Due: Tuesday, October 28
Goals:
Background:
While watching Melrose Place, it suddenly dawns on you that you've
been ignoring the impact of wild animals in your Gila vegetation
simulations. The largest herbivores in the Gila are elk, so you
decide to simulate their movements. The Gila elk have evolved a
strategy that maximizes their chance of survival by balancing two
opposing forces: they must be dispersed enough to not compete for
food, but be close enough to attract potential mates. Not unlike
their Melrose counterparts, the elk achieve this balance via one of
nature's great spectacles --- elaborate bugling rituals. Once a day
each elk bugles to announce his/her location and listens for the
return calls from other elk. Each elk then moves so as to be far
enough from the others to have sufficient vegetation, but close enough
to be within bugling range for the next day.

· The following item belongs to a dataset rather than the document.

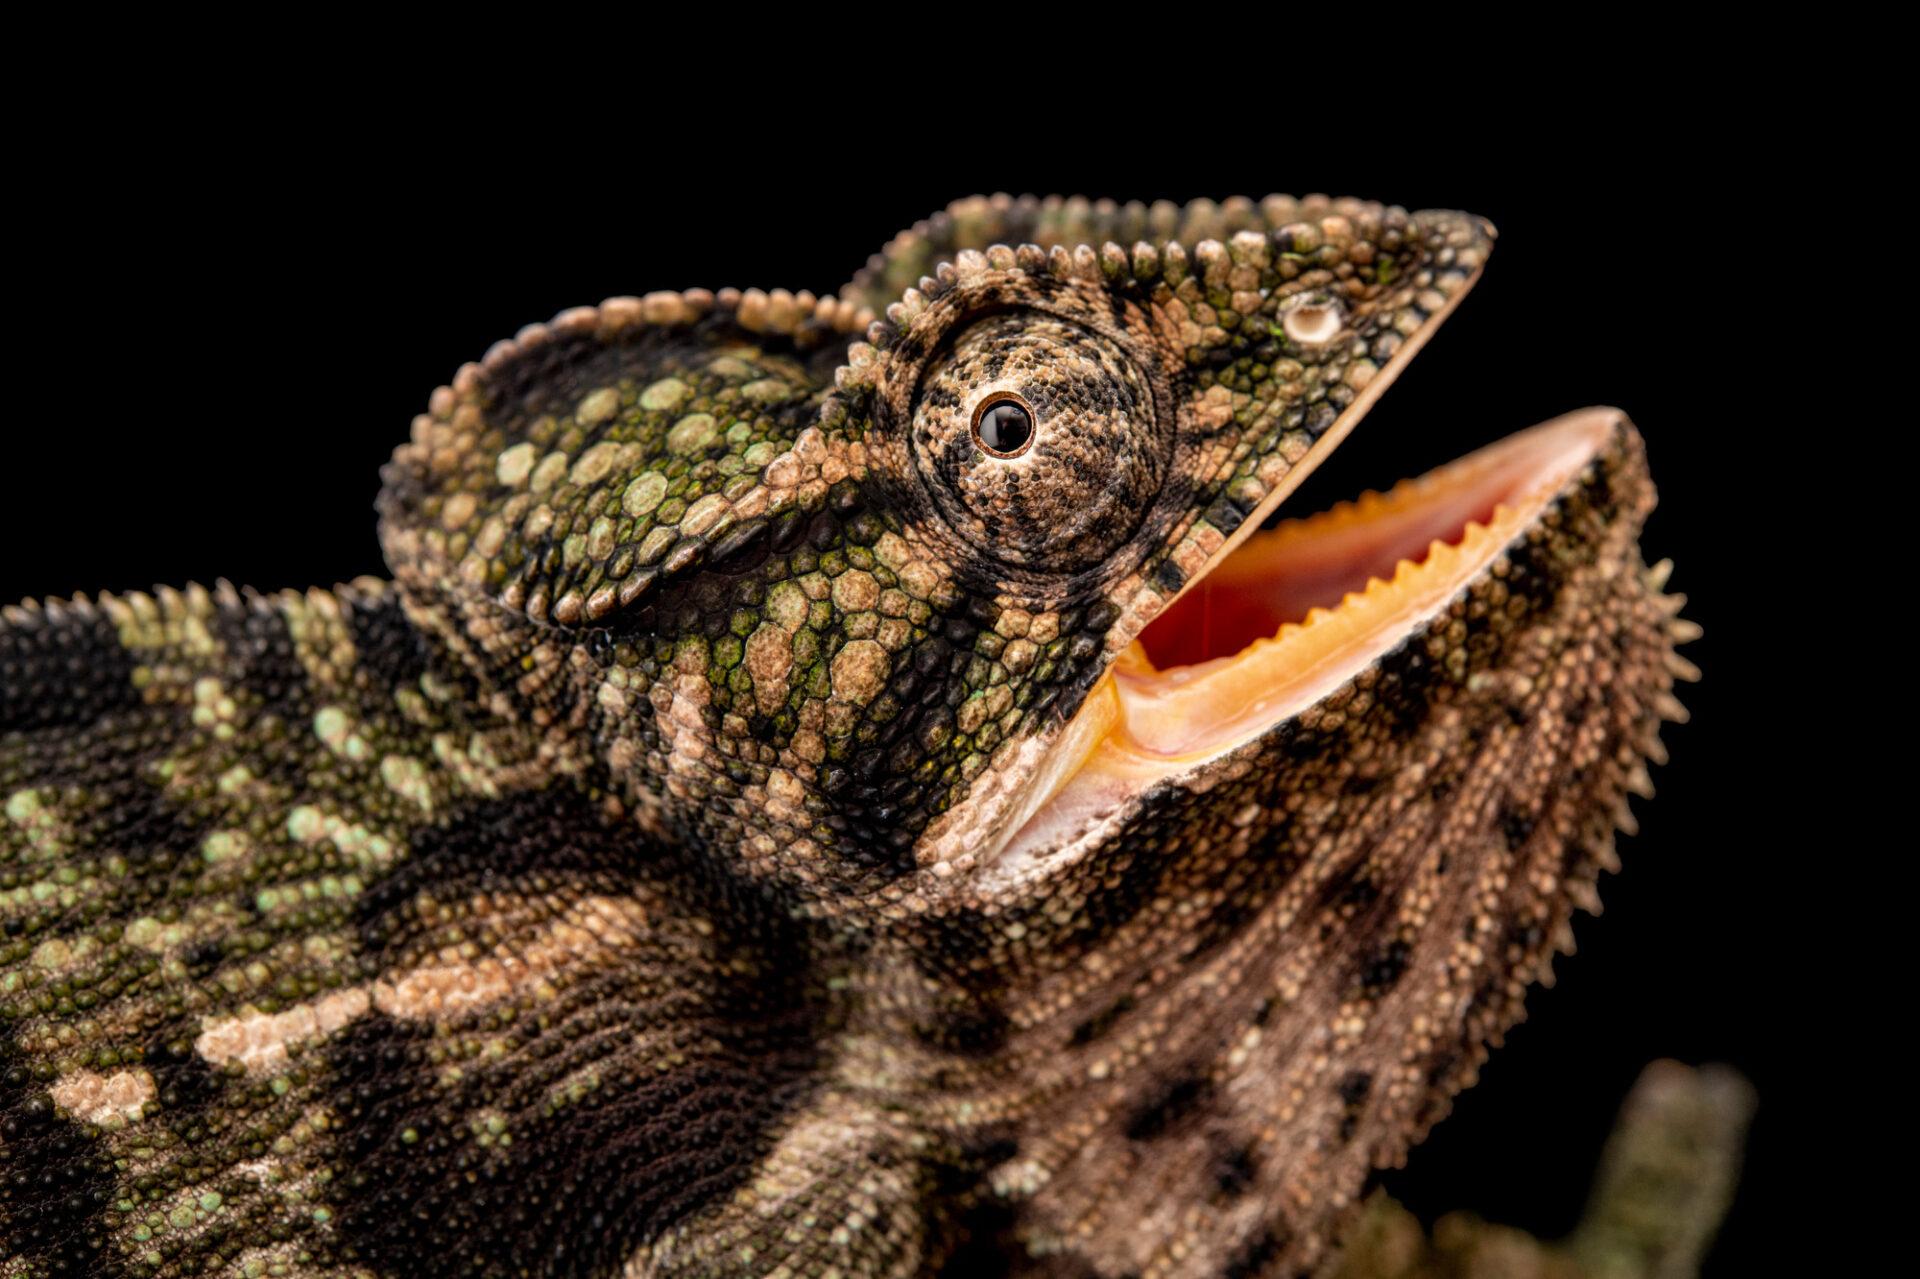 Photo: A female greater carpet chameleon (Furcifer major) at Zoopark Zajezd.
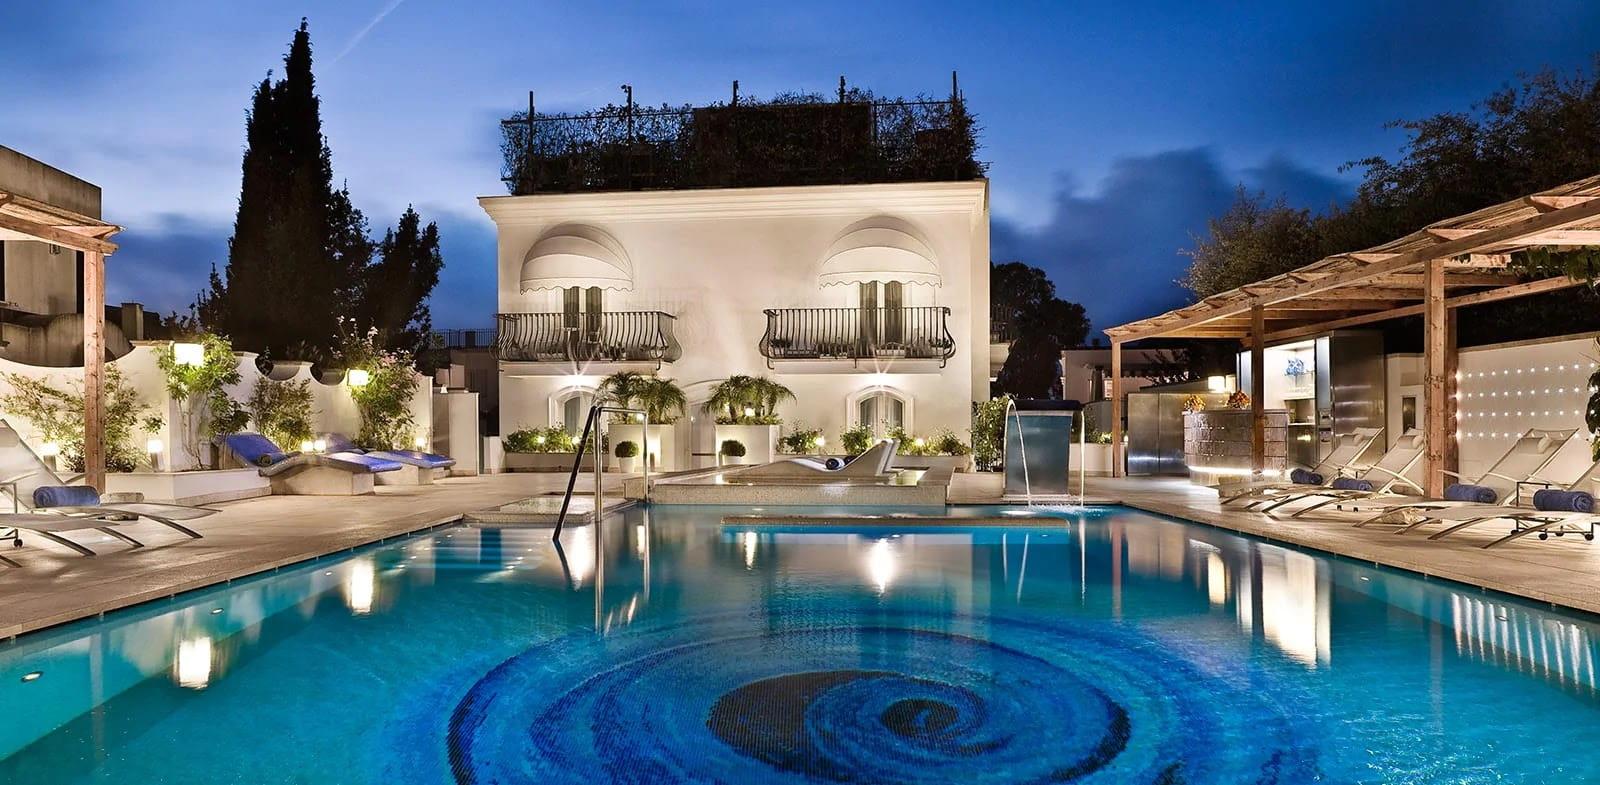 hotelvillablucapri

Voluminous research has
revealed that this can be modeled by having elk i move as if it feels
a (vector) force due to elk j that is the derivative of a simple
formula for their repulsive/attractive energy of interaction: (see
class handout for mathematical representation). Unfortunately,
whenever an elk leaves the Gila and wanders onto neighboring private
land, it is immediately shot by eager Lincoln County ranchers.
Assignment:
You will write a parallel program to simulate the 2-d movements of the Gila elk. Serial C and Fortran codes which perform this task are available; use them as a starting point. The input parameters are the number of elk (N), the size of the circular wilderness region (RADIUS), the number of timesteps (NSTEPS), and a random number seed (SEED). Essentially, the code computes the force interactions between all N^2 pairs of elk every timestep and integrates Newton's equations of motion forward in time. The specifications for the initial randomized positions/velocities of the elk, the force calculation, the time integrator, and the rancher-enforced boundary conditions are more easily described in the code than in words. The output of a simulation is the number of remaining elk, their average speed, and the position of a particular elk.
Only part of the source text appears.